## RECORDED INFORMATION
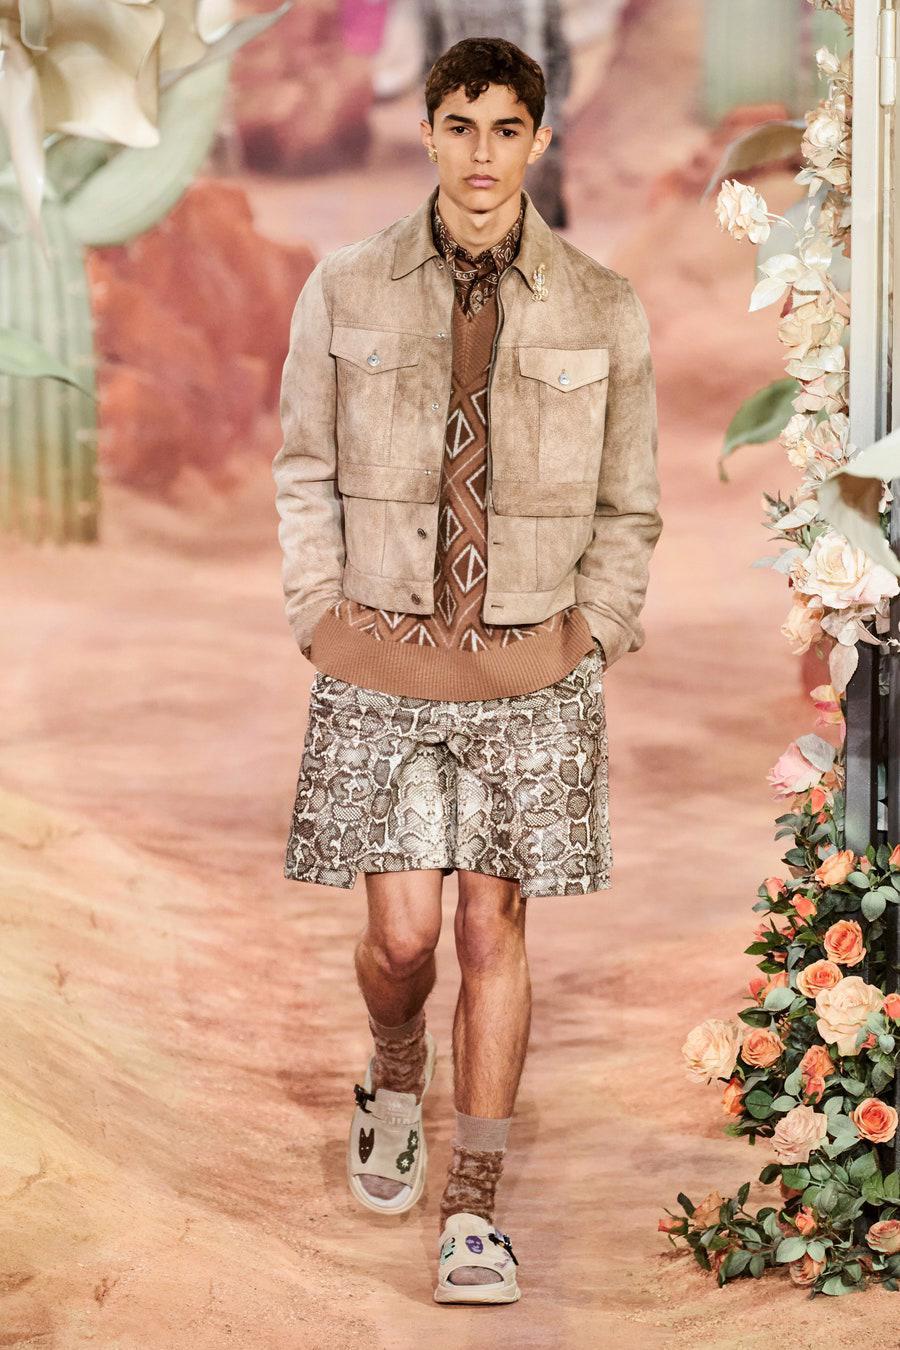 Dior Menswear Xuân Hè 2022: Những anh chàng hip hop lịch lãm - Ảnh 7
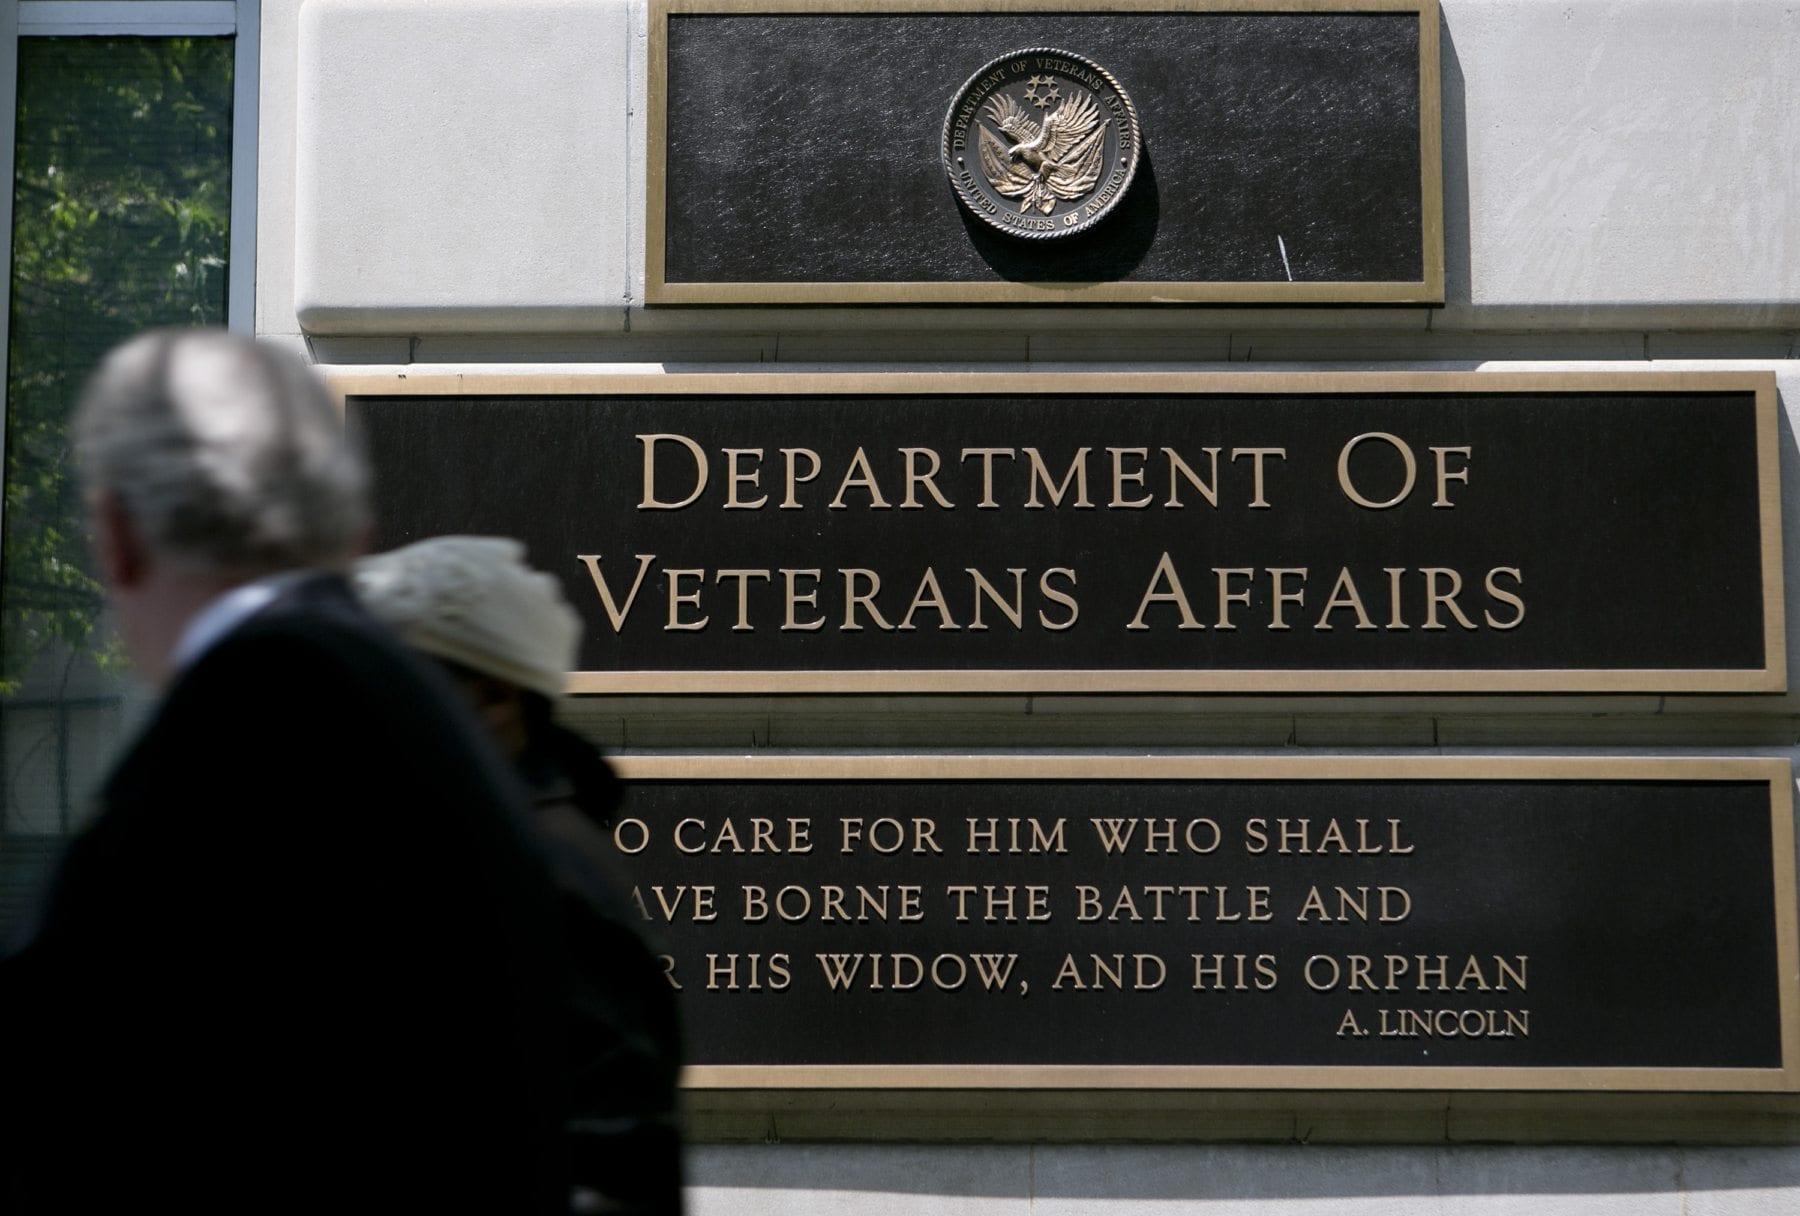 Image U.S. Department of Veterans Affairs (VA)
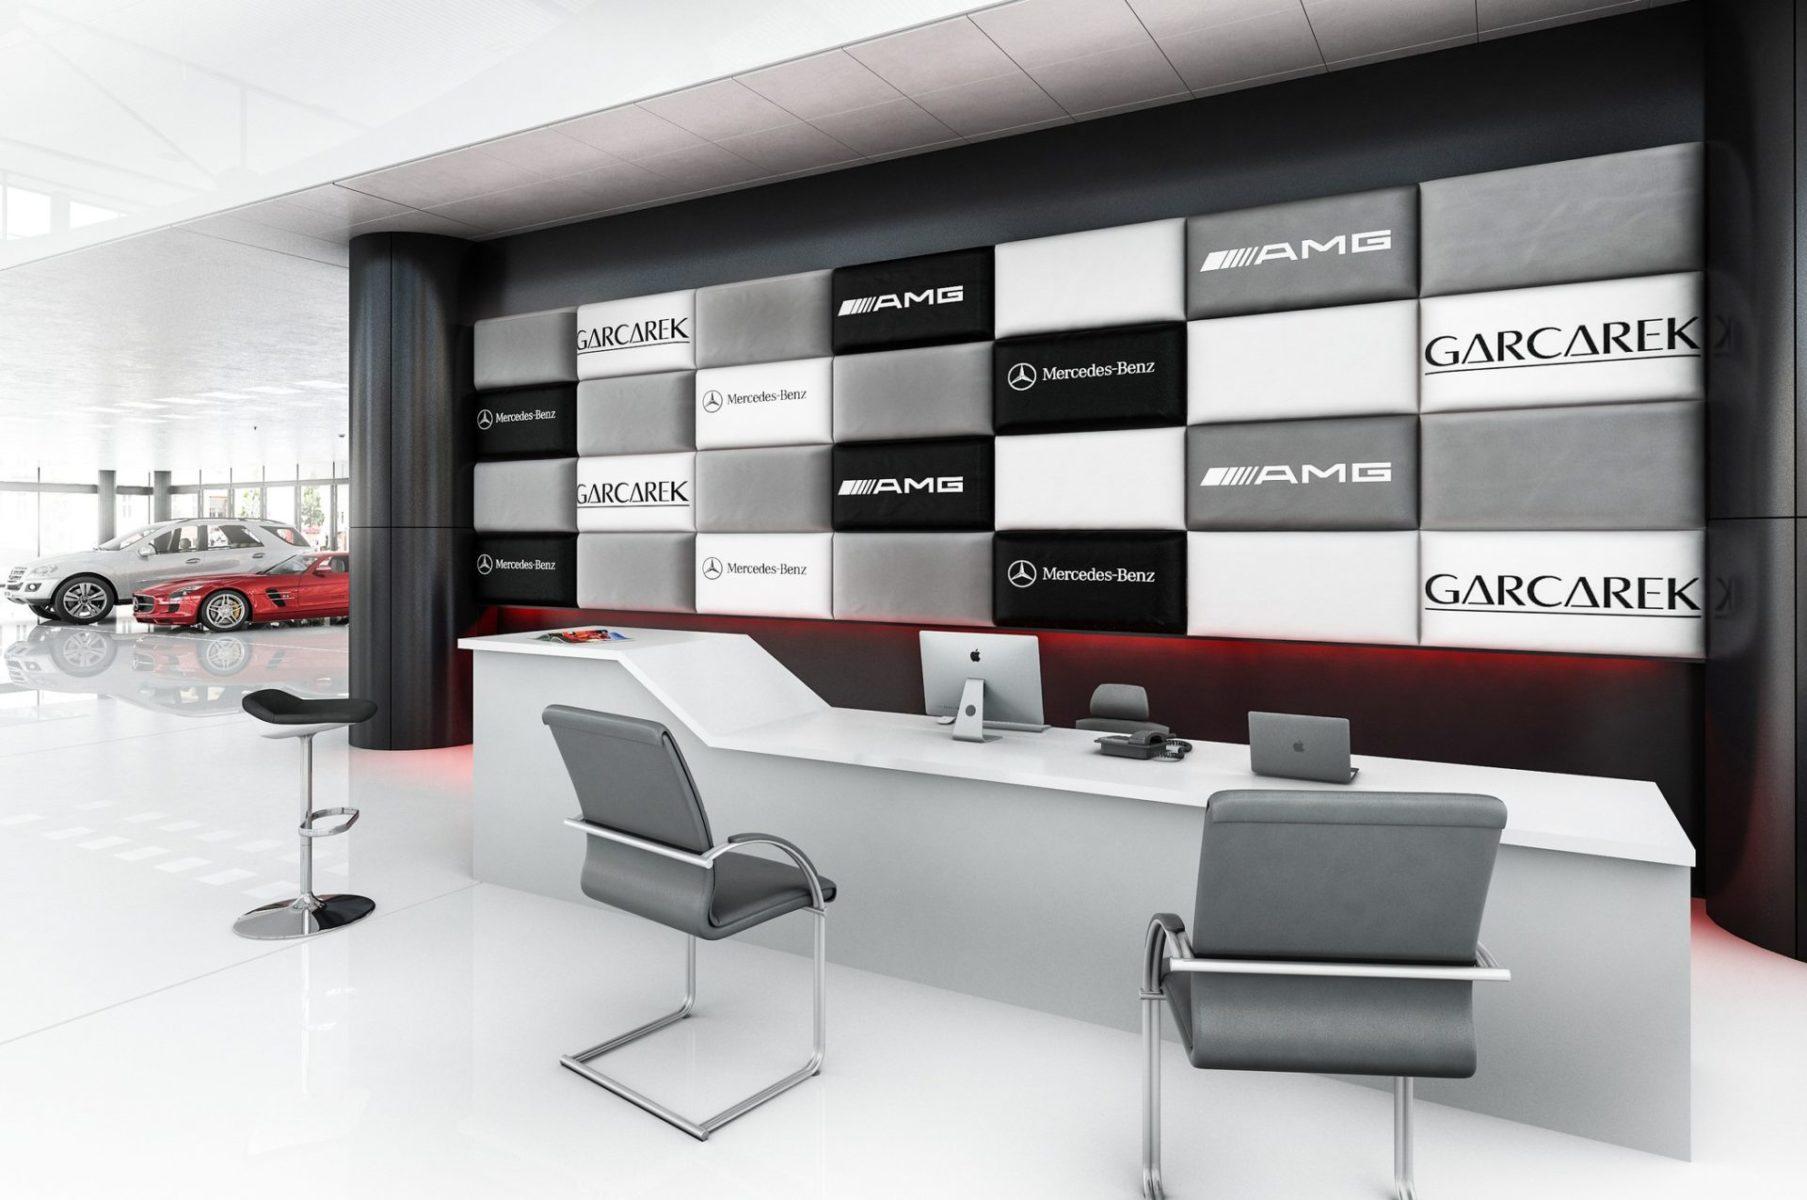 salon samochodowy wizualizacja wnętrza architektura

## WHAT IS EXPECTED
Repeat the material verbatim but without any of its pictures.

## EXERCISE RESPONSE
 Dior Menswear Xuân Hè 2022: Những anh chàng hip hop lịch lãm - Ảnh 7
 Image U.S. Department of Veterans Affairs (VA)
 salon samochodowy wizualizacja wnętrza architektura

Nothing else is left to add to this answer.